First of all, I’m not a professional in this area, but I’ve been learning about climate stuff for a long time. I date my education back to when Vox started and I read my first David Roberts column there. But I just happened to hear from someone I know that in the town of Poughkeepsie where I live that a developer made a proposal and local residents who live nearby were up in arms about it. And I heard the town was about to impose a moratorium – this was back in March 2024.
I actually personally know some of the town board members, and we have a Democratic majority who absolutely care about climate change but didn’t particularly know that battery power was important to the energy transition and decarbonizing the grid. So I organized five or six people to go to the town board meeting, wrote a letter, and in that initial board meeting we characterized the reason we were there as being about climate.
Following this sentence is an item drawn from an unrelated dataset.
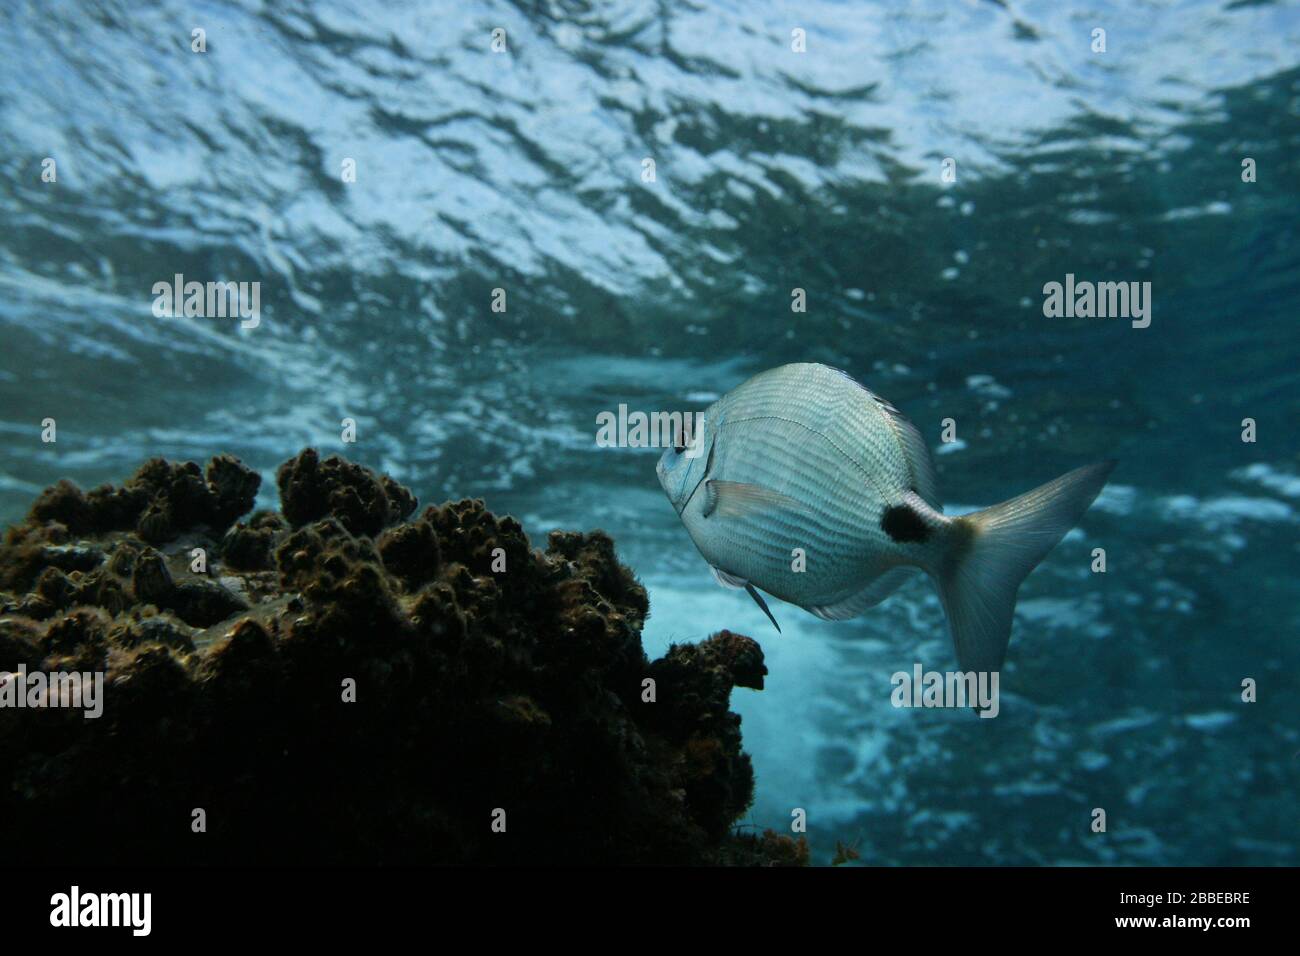 Sargo or white seabream fish swimming in the shallow waters of Flores' coast. Azores, Portugal. Stock Photo

There were a lot more people on the other side. They were very angry. So we said do a short moratorium because every day we’re delaying this, peaker plants nearby are spewing SOx and NOx into the air. The status quo has a cost.
But then the other side, they were clearly triggered by the climate stuff and said renewables make the grid more expensive. We’d clearly pressed a button in the culture wars. And then we realized the mistake, because we lost that one.
When you were approaching getting this overturned, what considerations did you make?
After that initial meeting and seeing how those mentions of climate or even renewables had triggered a portion of the board, and the audience, I really course-corrected. I realized we had to make this all about local benefits. So that’s what I tried to do going forward.
Even for people who were climate concerned, it was really clear that what they perceived as a present risk in their neighborhood was way more salient than an abstract thing like contributing to the fight against climate change globally. So even for people potentially on your side, you have to make it about local benefits.
The other thing we did was we called a two-hour forum for the county supervisors and mayor’s association because we realized talking to them in a polarized environment was not a way to have a conversation. I spoke and so did Paul Rogers, a former New York Fire Department lieutenant who is now in fire safety consulting – he sounds like a firefighter and can speak with a credibility that I could never match in front of, for example, local fire chiefs. Winning them over was important. And we took more than an hour of questions.
Stage one was to convince them of why batteries were important. Stage two was to show that a large number of constituents were angry about the moratorium, but that Republicans were putting on a unified front against this – an issue to win votes. So there was a period where Democrats on the Poughkeepsie board were convinced but it was politically difficult for them.
But stage three became helping them do the right thing, even with the risk of there being a political cost.
What would you say to those in other parts of the country who want to do what you did?
If possible, get a zoning law in place before there is any developer with a specific proposal because all of the opposition to this project came from people directly next to the proposed project. Get in there before there’s a specific project site.
Even if you’re in a very blue city, don’t make it primarily about climate. Abstract climate loses to non-abstract perceived risk every time. Make it about local benefits.
To the extent you can, read and educate yourself about what good batteries provide to the grid. There’s a lot of local economic benefits there.
I am trying to put together some of the resources I used into a packet, a tool kit, so that people elsewhere can learn from it and draw from those resources.
Also, the more you know, the better. All those years of reading David Roberts and Heatmap gave me enough knowledge to actually answer questions here. It works especially when you have board members who may be sympathetic but need to be reassured.